DP-203: Data Engineering on Microsoft Azure

61%

Question 281

Suppose you work at a startup with limited funding. Why might you prefer Azure data storage over an on-premises solution?
To ensure you run on a specific brand of hardware which will let you to form a marketing partnership with that hardware vendor.
The Azure pay-as-you-go billing model lets you avoid buying expensive hardware.
To get exact control over the location of your data store.




Answer is "The Azure pay-as-you-go billing model lets you avoid buying expensive hardware."
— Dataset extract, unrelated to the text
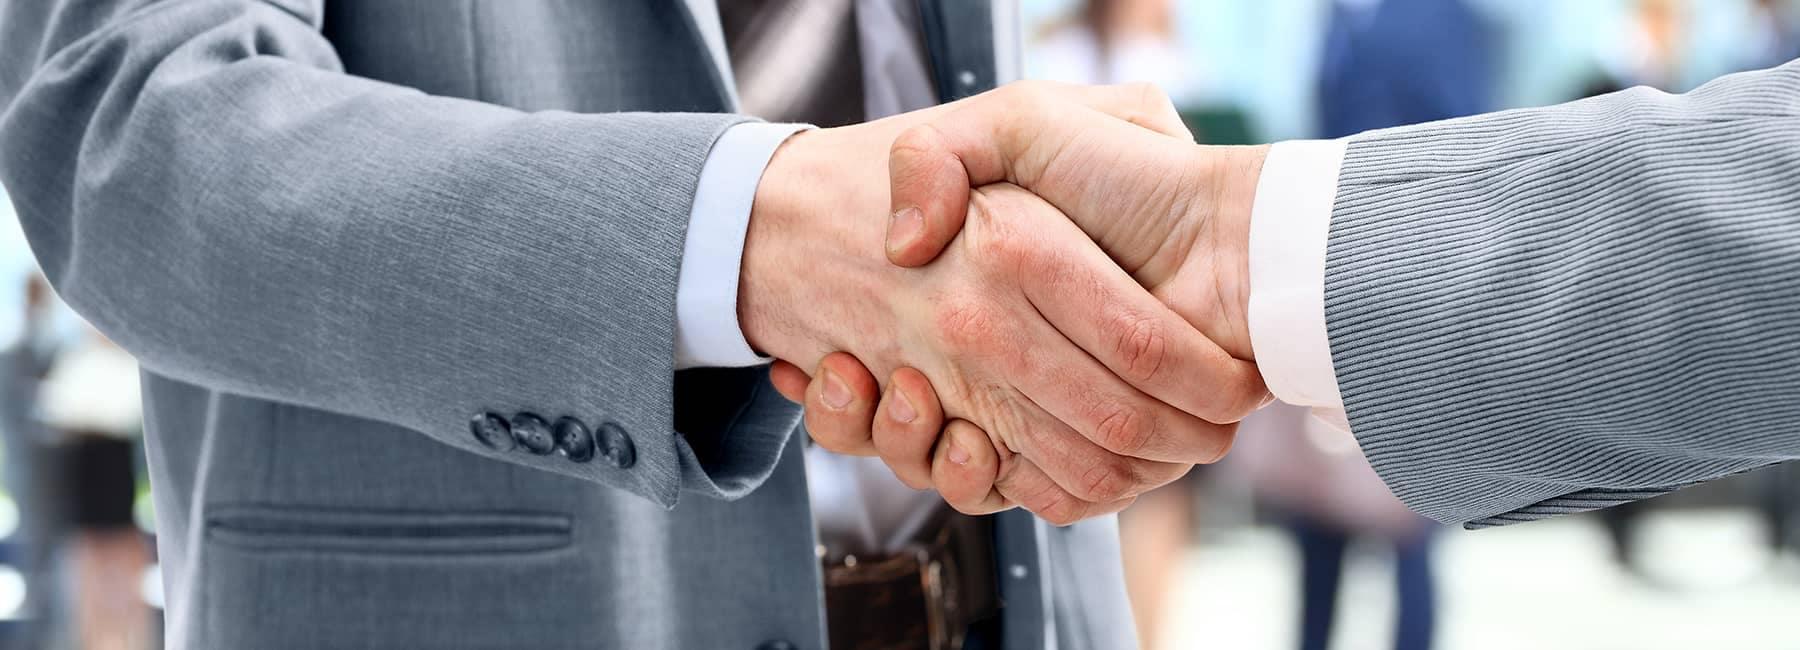 Finance Handshake

There are no large, up-front capital expenditures (CapEx) with Azure. You pay monthly for only the services you use (OpEx).

Question 282

Which of the following situations would yield the most benefits from relocating an on-premises data store to Azure?
Unpredictable storage demand that increases and decreases multiple times throughout the year.
Long-term, steady growth in storage demand.
Consistent, unchanging storage demand.




Answer is "Unpredictable storage demand that increases and decreases multiple times throughout the year."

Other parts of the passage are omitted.